JIM PUNTON - SOME SNAPSHOTS

I owe a lot to Jim. He sent me back ‘to search the Scriptures’. He provided both example and encouragement in life-style. He introduced me to Shalom- a key word in my life. And it all happened within 10 years. And usually ‘on the run’! Let me tell you how he touched my life. Here are four snapshots.

Snapshot 1

A group of us are gathering in the Scripture Union London HQ. Urban mission activists are planning for the Evangelical Coalition for Urban Mission [ECUM]. Leaders from the Shaftesbury Society, Evangelical Urban Training Programme, Frontier Youth Trust, Evangelical Race Relations Group and Christians in Industrial Areas are all there.

Jim is expected to join us. I’ve never met Jim.

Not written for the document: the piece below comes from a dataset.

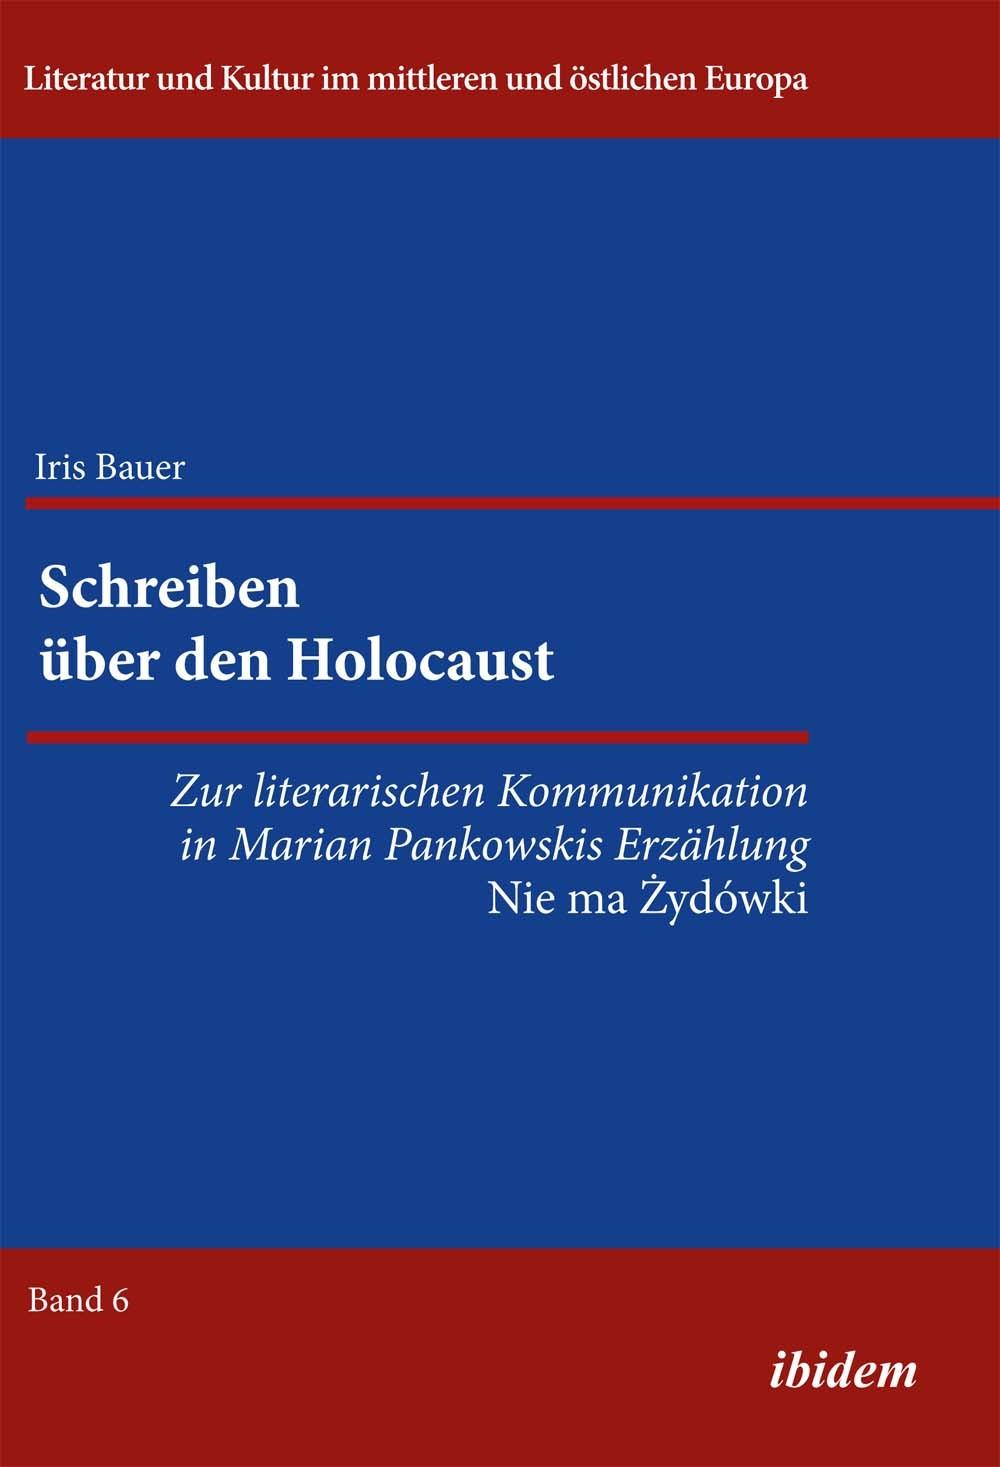 Schreiben über den Holocaust

I know he is training officer for the Frontier Youth Trust. Suddenly a bearded face sticks round the door. Jim has arrived-but not to stay. He breezes in-and out. He is off to a local court. He wants to stand by a lad in trouble with the police. That clearly comes first. No argument. People matter more than meetings. A cheerful half-apology is given. Jim disappears. We go on with the meeting. Jim follows his heart.

Snapshot 2

A year or so later. Heathrow airport- I’m early and Jim is very late. We run for the flight. On the plane, I’m sitting next to Jim. Then we’re flying over Israel-en route to the Lausanne Consultation on World Evangelisation [COWE] in Thailand 1980. Jim has been appointed International Co-ordinator of the pre-COWE study groups. He is to be chair of the global Urban Poor group. I’ve been the UK co-ordinator. He dumps into my lap his preparation. It is Biblical research on the word Poor…..page after page of Hebrew and Greek references, duly annotated. I skim through it. It feels like an avalanche. Overwhelming in its weight and power. This becomes the base document for the ‘Mini-Consultation on Reaching the Urban Poor’. After 10 days of worship, meetings, discussion we fly back.

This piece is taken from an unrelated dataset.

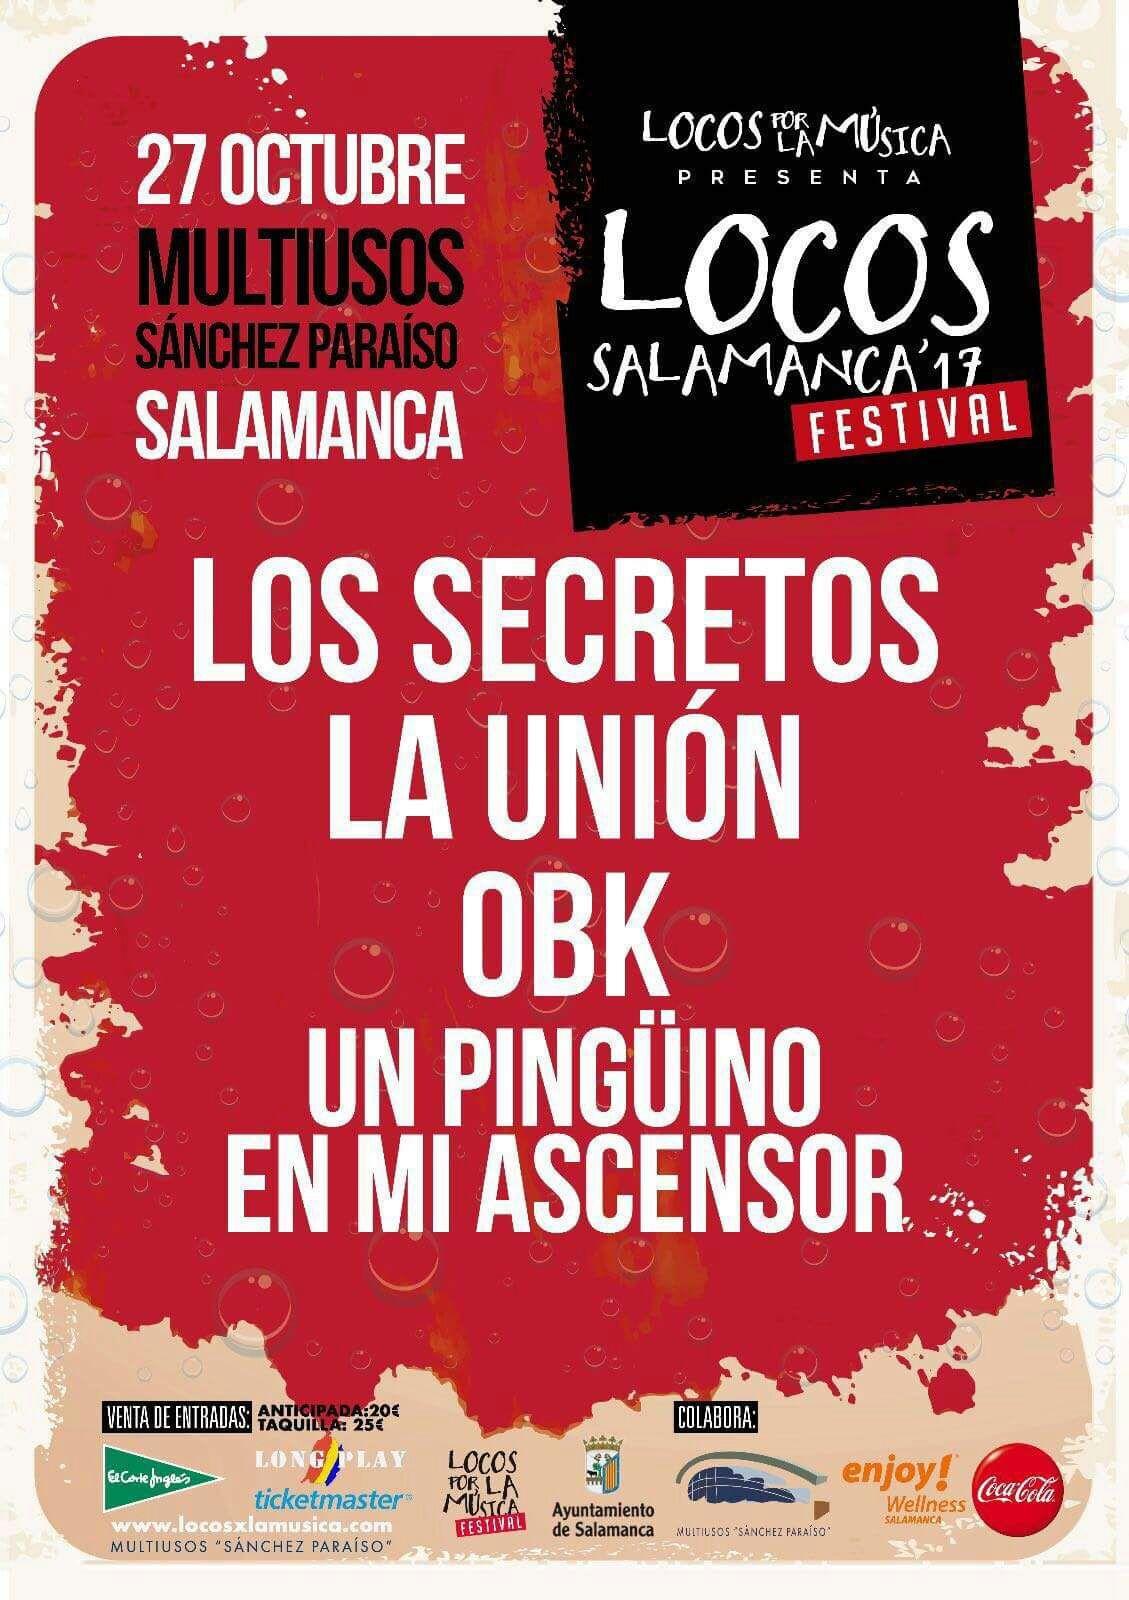 Locos Salamanca Sánchez Paraíso Octubre 2017

There is a sequel. Jim is supposed to write it all up for publication. He is too busy. He has moved on. In in desperation John Stott asks me to summarise. I write it up- No 22 Thailand Report-Christian Witness to the Urban Poor A third of the 40 pages is the Biblical Appendix by Jim. He has the last word.

Snapshot 3.

It is 1984. Christians across the UK have woken up to the inner city. I’m writing a book- Signs in the City’. It is about my experience in East London where I’ve been a Baptist minister since 1965, working in the churches, community centres and networks. I am telling the stories, and sharing the stirrings and shakings. I struggle with the deep underlying theological and political questions around injustice, poverty and powerlessness .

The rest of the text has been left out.